» Material provided:
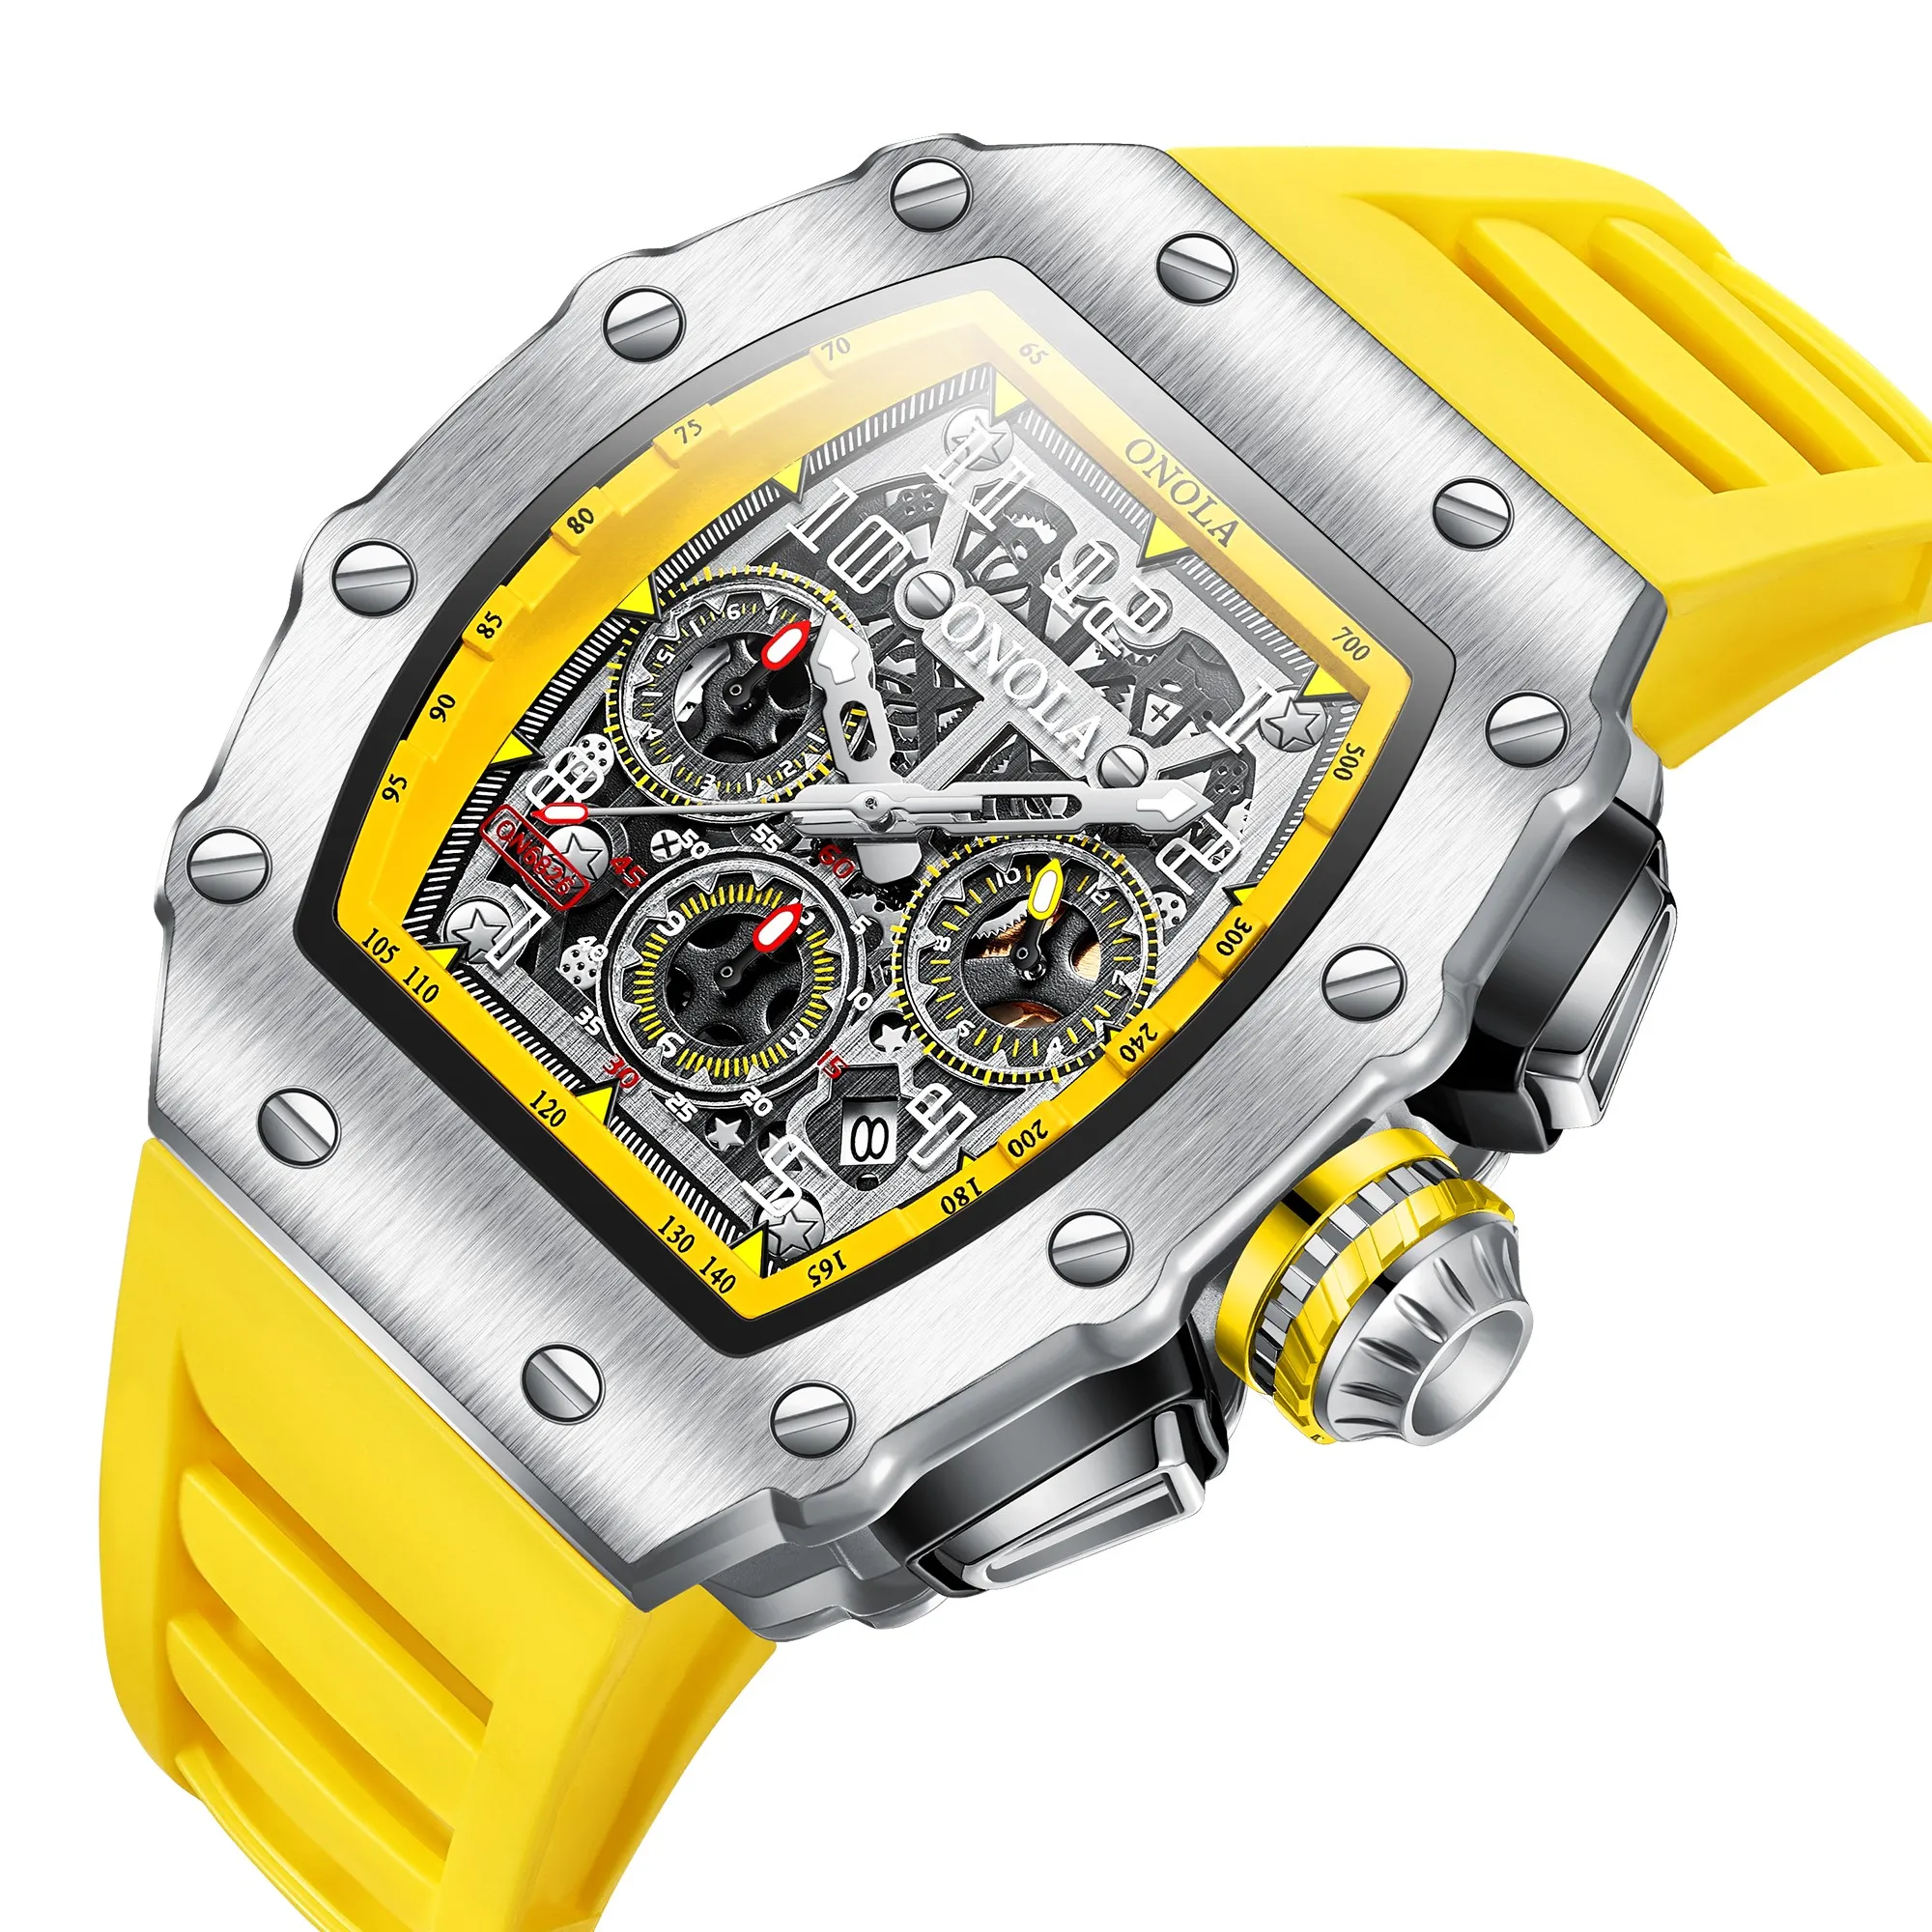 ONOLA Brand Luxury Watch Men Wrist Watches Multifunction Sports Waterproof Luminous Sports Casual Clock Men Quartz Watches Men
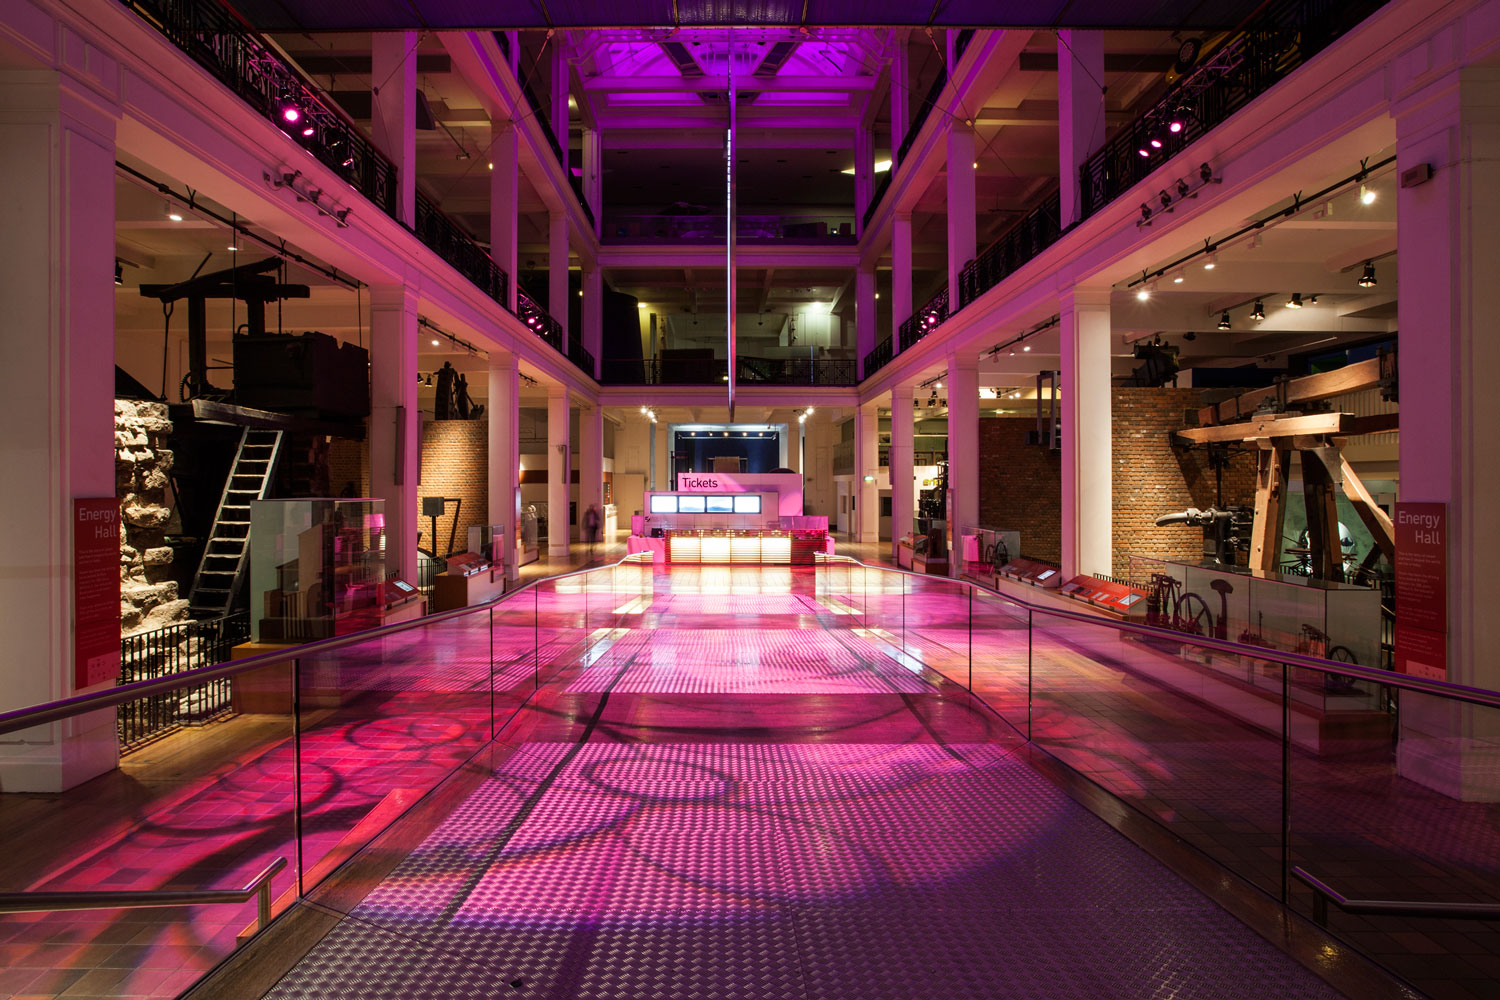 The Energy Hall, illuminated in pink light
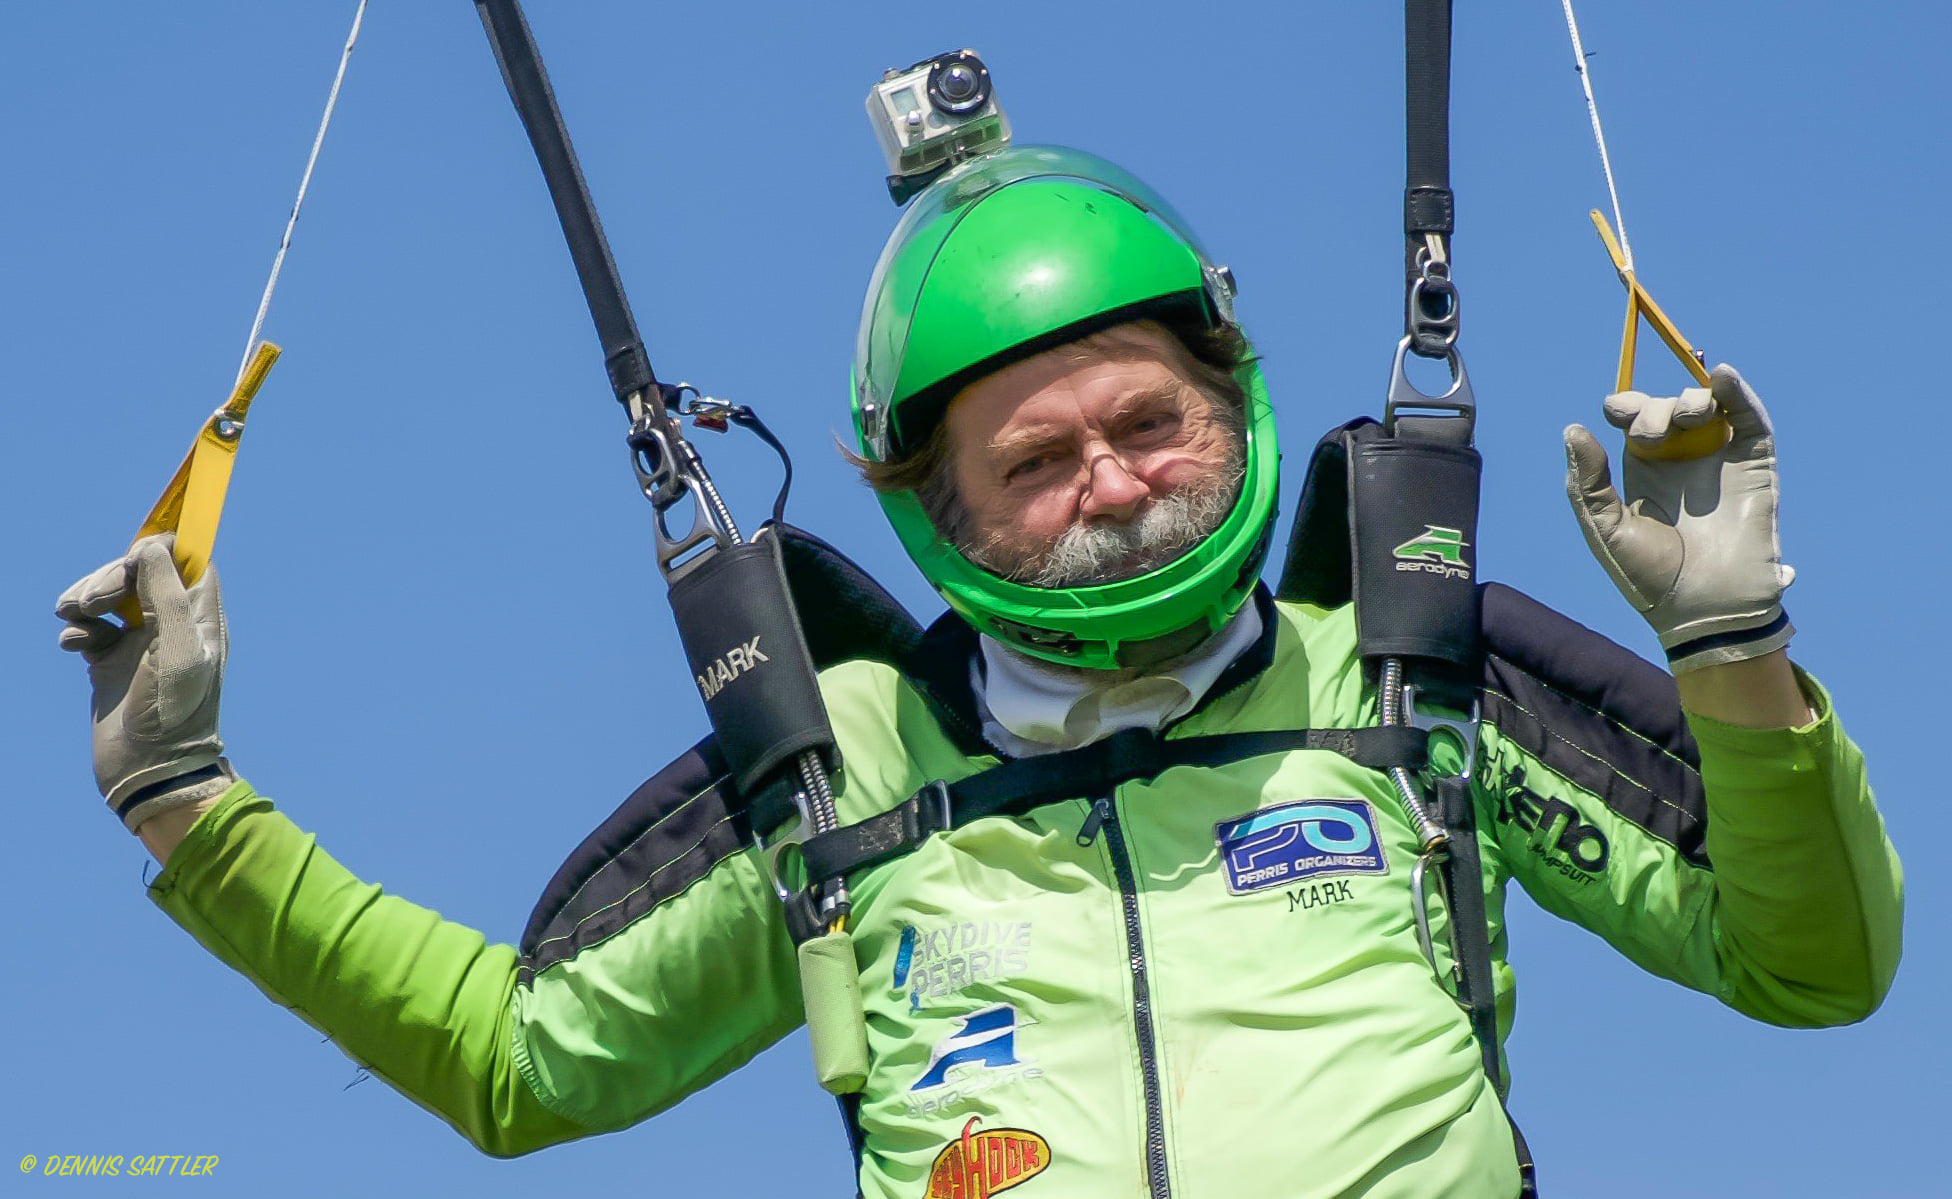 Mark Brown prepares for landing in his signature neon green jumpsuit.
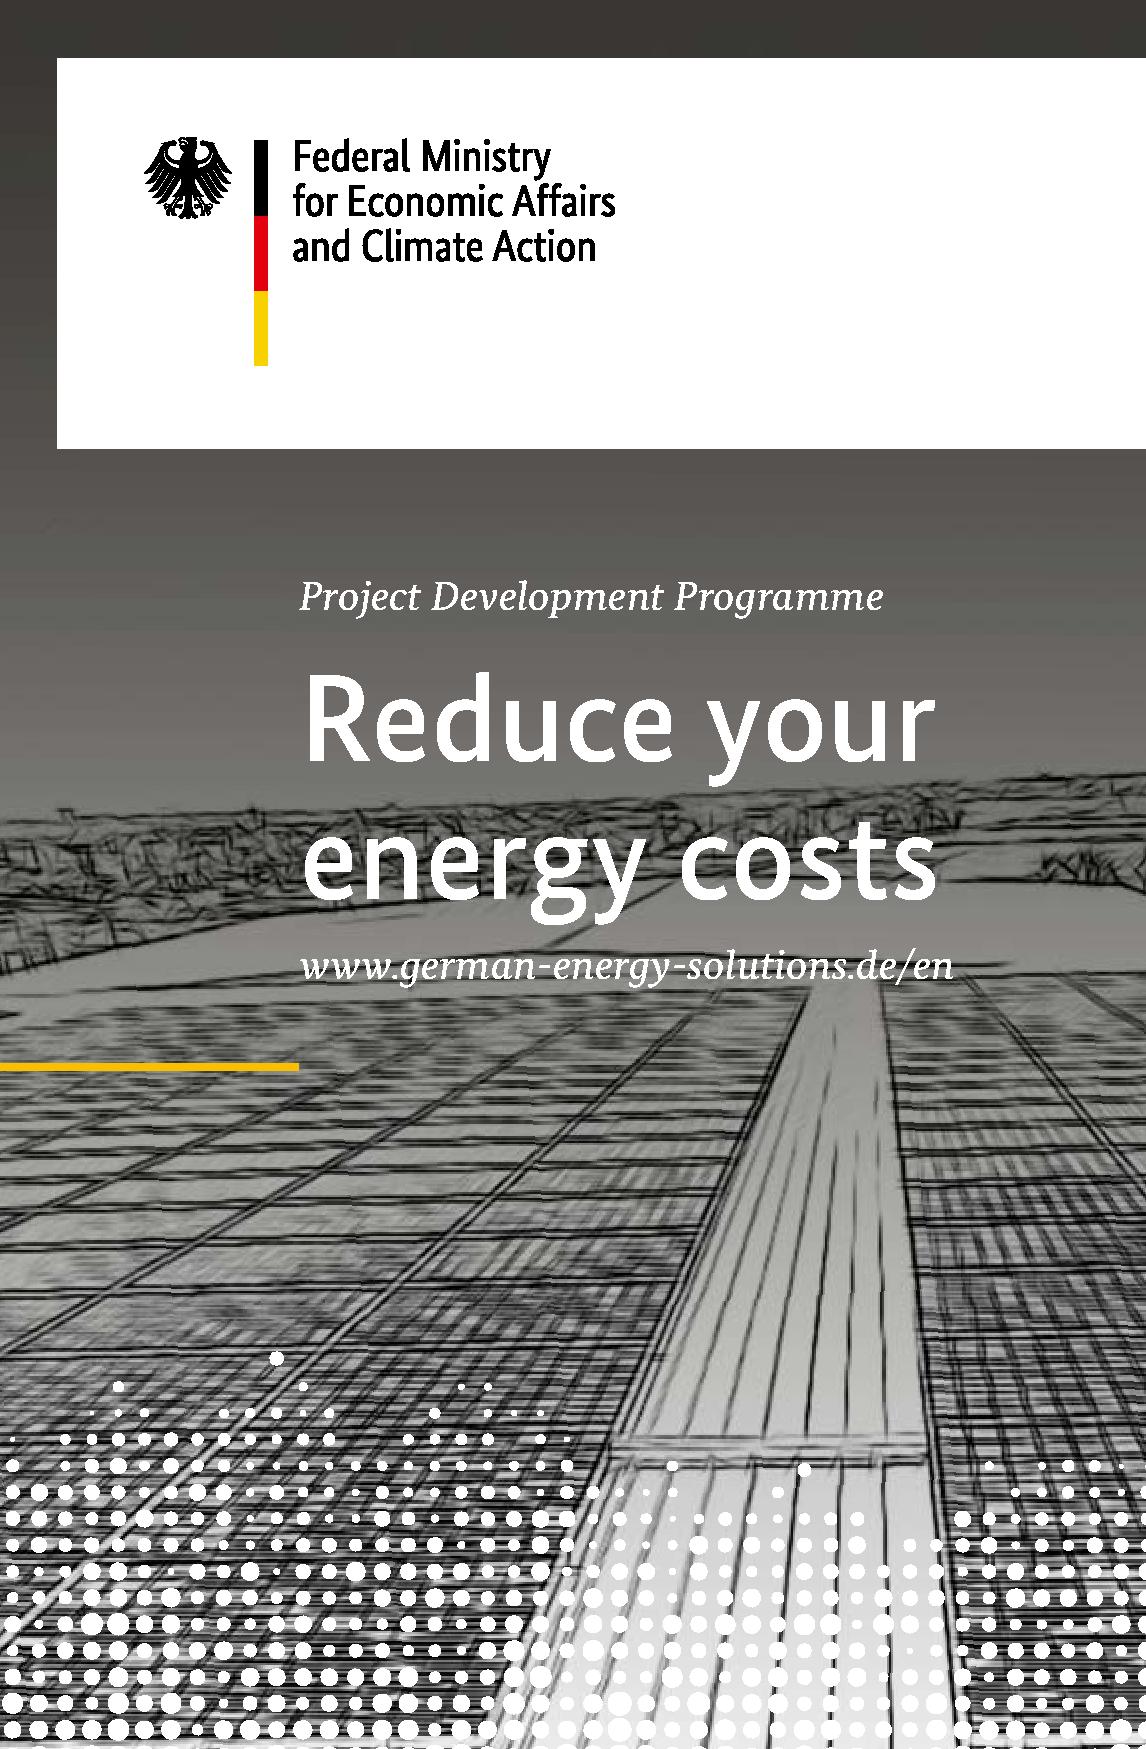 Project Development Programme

» Problem details: Copy the listing above exactly, minus the pictures.

» Solution:
 ONOLA Brand Luxury Watch Men Wrist Watches Multifunction Sports Waterproof Luminous Sports Casual Clock Men Quartz Watches Men
 The Energy Hall, illuminated in pink light
 Mark Brown prepares for landing in his signature neon green jumpsuit.
 Project Development Programme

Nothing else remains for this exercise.